Borel smiled and said, “ ’Tis not ladylike, my lady.”
“I suppose your sisters never ride astraddle?” asked Chelle.
“Oh, they are not ladylike either,” said Borel, and he broke out laughing.
Too, Chelle acquired a supply of feminine necessities she would need for the journey, and one special sheer garment for herself. Borel made himself scarce during that shopping trip, and instead chose tack and supplies for his horses, now that he knew how the Lady Michelle would ride.
And every day they strolled along the mossy banks of a burbling stream, or played échecs, or whiled away the time at other idling but oh so important tasks.
And always they remained quite circumspect, and yet . . .
On the fourth night in the chalet, as they stood before her bedroom door, Borel said, “Chelle, perhaps you do not remember, but I courted you throughout our dreams, and I tried to not take advantage, for you did not know we were dreaming, whereas I did. Yet you fired my blood, and you still do, and I often lost control in the dream, and it is all I can do to not lose control now. For I would sweep you up in my arms and—Chelle, what I am trying to say is that you have my heart and you occupy my every thought. I would court you truly if I may and if it is your will. You need not answer now, my love, and—”
Michelle silenced him with a kiss, then she quickly stepped into her room and closed the door behind.
Borel, bewildered, walked to his own chamber.
Slowly he undressed, and lay down, yet he could not sleep, Chelle filling his mind: her scent, her sweet breath, her hair, her eyes, her laugh, her slender form and grace and elegance.
In the middle of the night with the moon shining in, Borel yet lay awake when his door softly opened, and, barefoot, Chelle came padding in.
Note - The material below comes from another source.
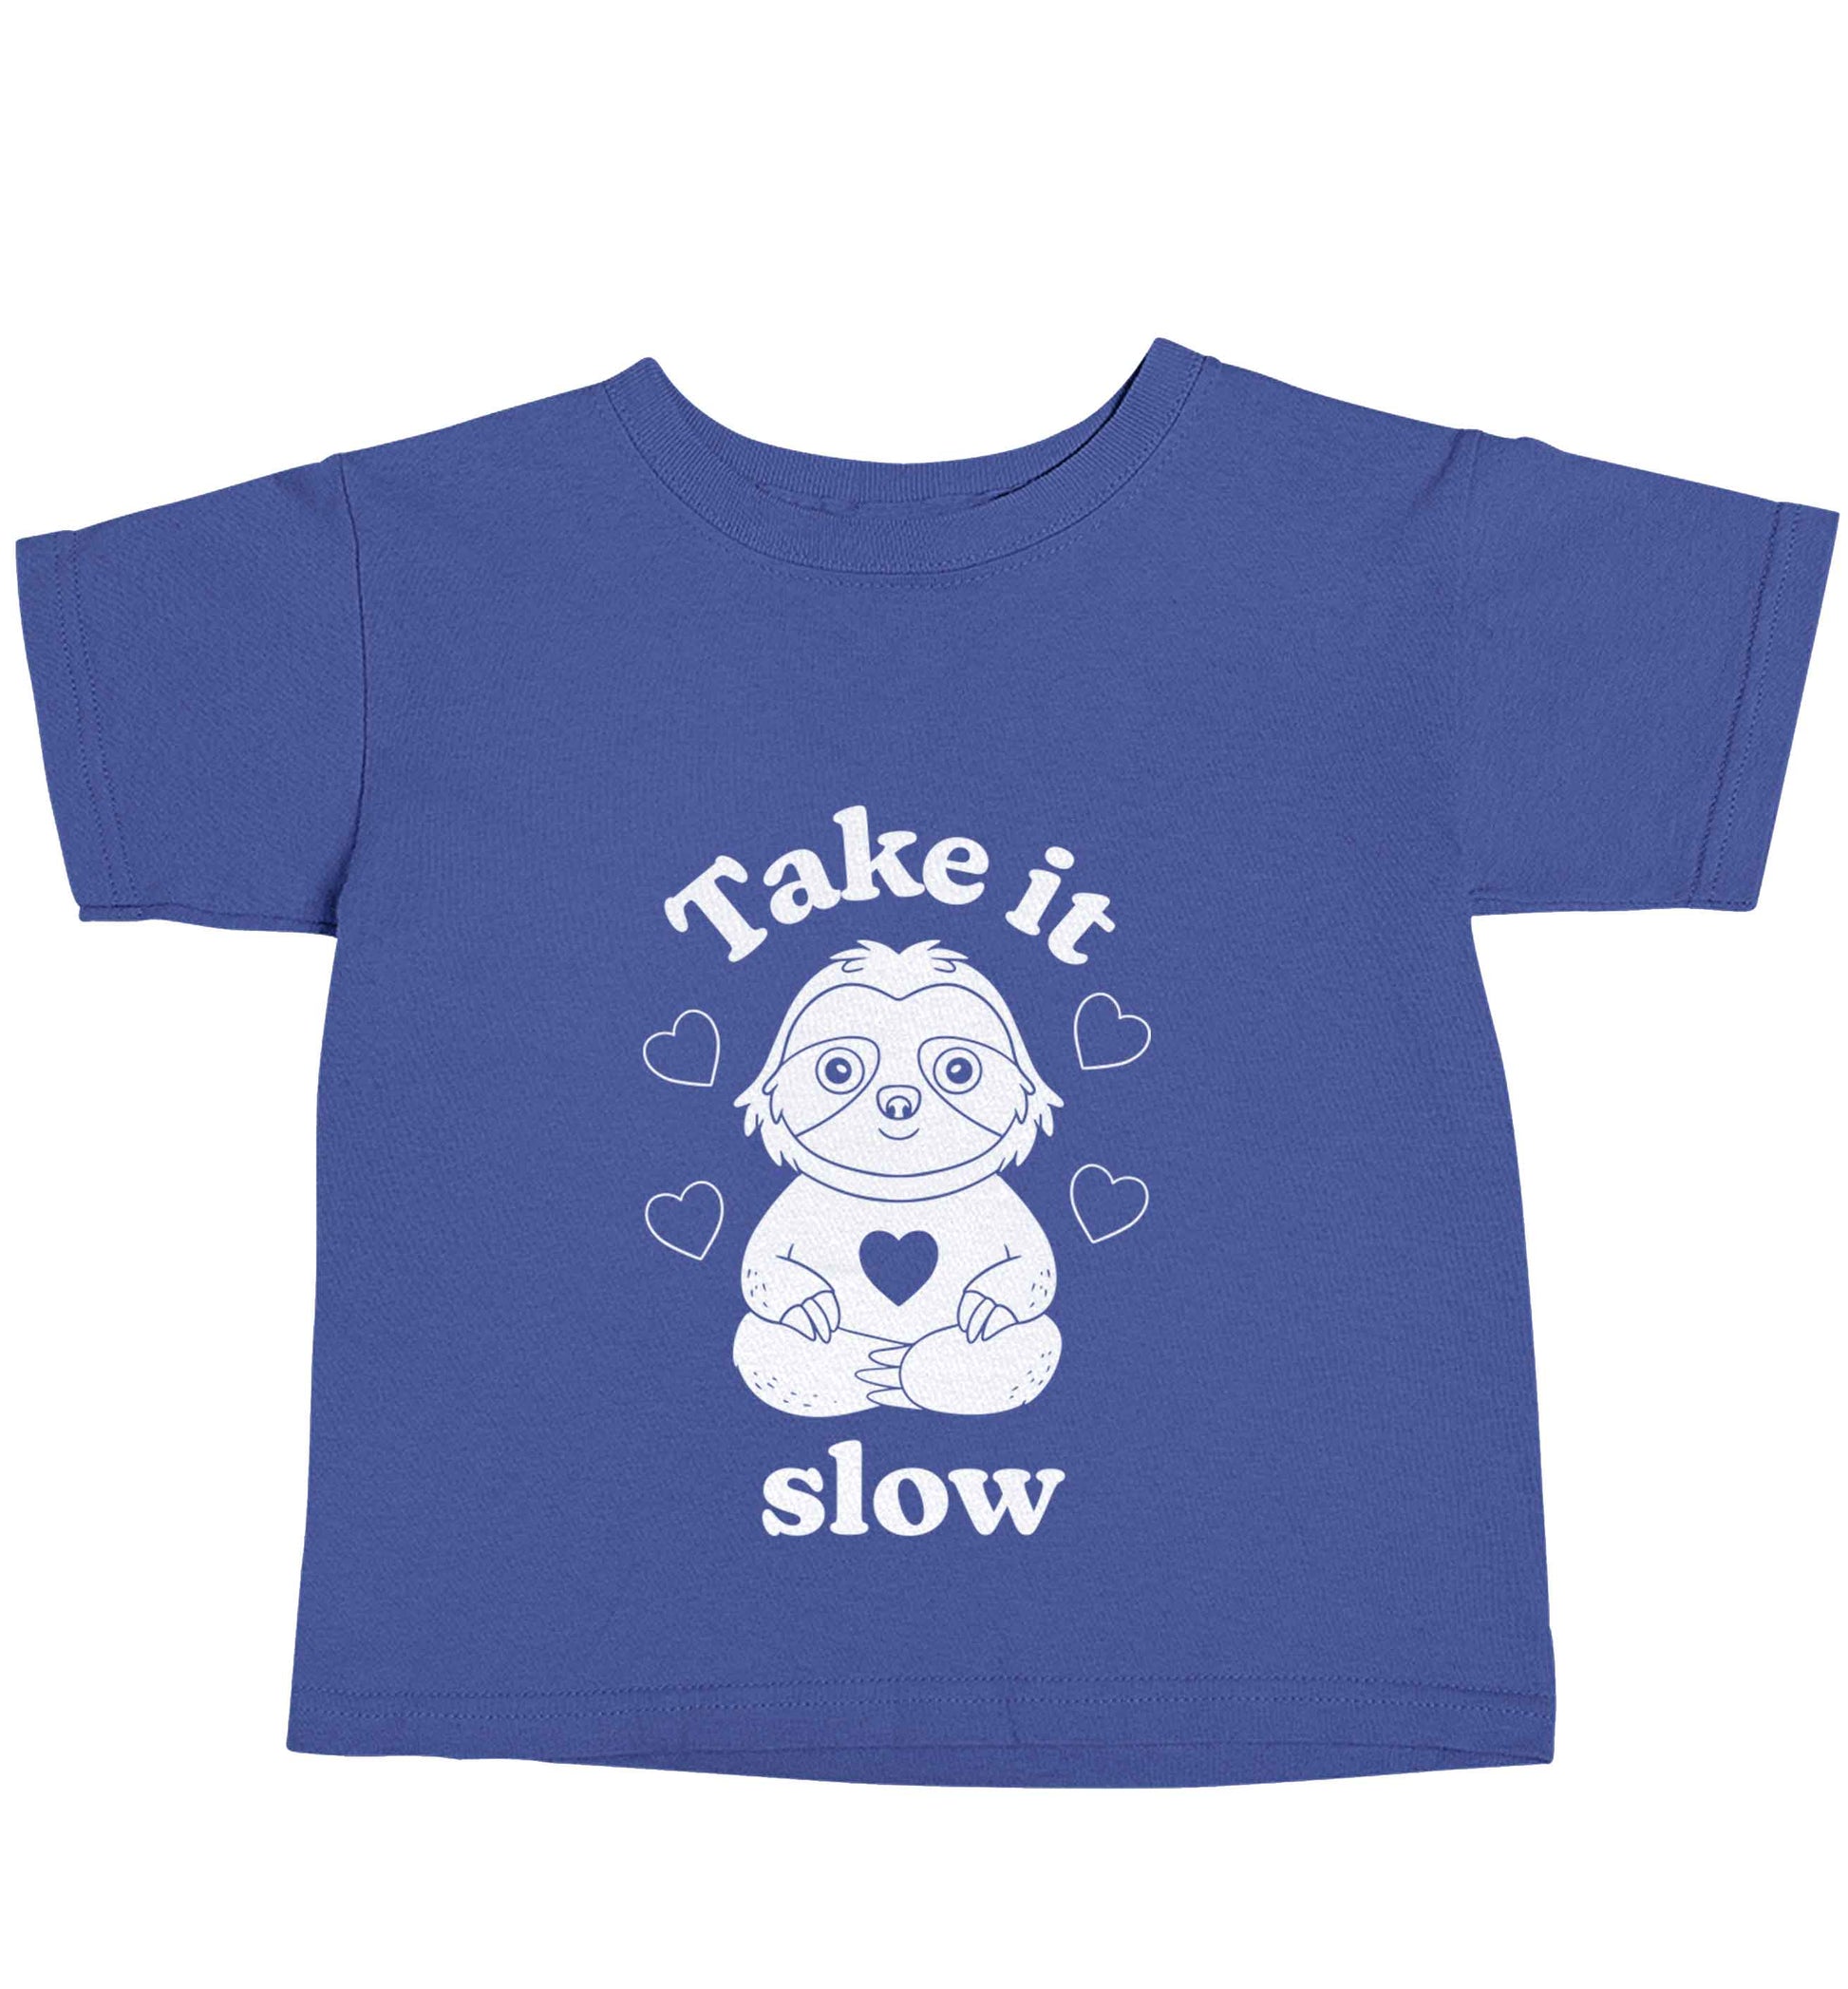 Take it slow blue baby toddler Tshirt 2 Years

Borel turned to see her standing in the moonlight, her negligee sheer and revealing.
She came and stood at the side of his bed, her blue eyes unseen, enshadowed, though not by a magic spell but by the night instead. “My love, I remember every one of our dreams,” she said, her voice just above a whisper. “And in them I told you I have loved you since a time long past when I was but a child.” She let her delicate gown slip away unto the floor, and with her golden hair falling across her bare shoulders, she said, “But I am a child no more.”
And Borel reached up and drew her into his bed, and he kissed her soft lips and her eyes and her throat and her breasts and lower, and though she had no experience, she moaned with need and caressed Borel, running her hands along his firm muscles and across his flat abdomen and more. And they made gentle love and passionate love and wild love throughout the moonlit night.
 
“My, but you look chipper today,” said Flic.
“Do I seem to be walking on air?” asked Chelle, scooping slices of melon onto her trencher, along with eggs and rashers and crêpes with syrup and toast with butter and a bit of cheese on the side.
“Where’s Borel?” asked Flic, eyeing the enormous mound of food on Chelle’s plate.
Chelle shrugged. “Perhaps yet abed,” she said, taking up a bit of melon and popping it into her mouth.
Flic grinned. “Uh-huh, as if you didn’t know.”
Chelle smiled and looked about to see if anyone were near, and then she whispered, “Oh, Flic, it was wonderful, and we are lovers. Isn’t it grand?”
“Well, it took you two long enough,” said Flic.
“Long enough for what?” said Borel, walking into the room. He stepped to the sideboard and filled a plate of his own.
“Long enough to, um, plight your troth,” said Flic.
Borel sat next to Chelle. “If she will have me, we are betrothed,” he said. He turned to Chelle. “Will you marry me, my love?”
Chelle’s eyes sparkled and she answered, but what she said neither Borel nor Flic understood, her mouth stuffed with food as it was. And both Borel and Flic looked at one another, and they shrugged and turned up their hands.
“I think she said ‘No,’ ” said Borel, a twinkle in his eye.
“I believe you’re right, my lord,” said Flic, grinning.
Chelle frantically shook her head and groaned a wordless protest, and both the prince and the Sprite broke out in laughter.
Finally, Chelle swallowed and this time clearly said, “Oh, yes, my love, I will marry you.” And she threw her arms about Borel and kissed him soundly.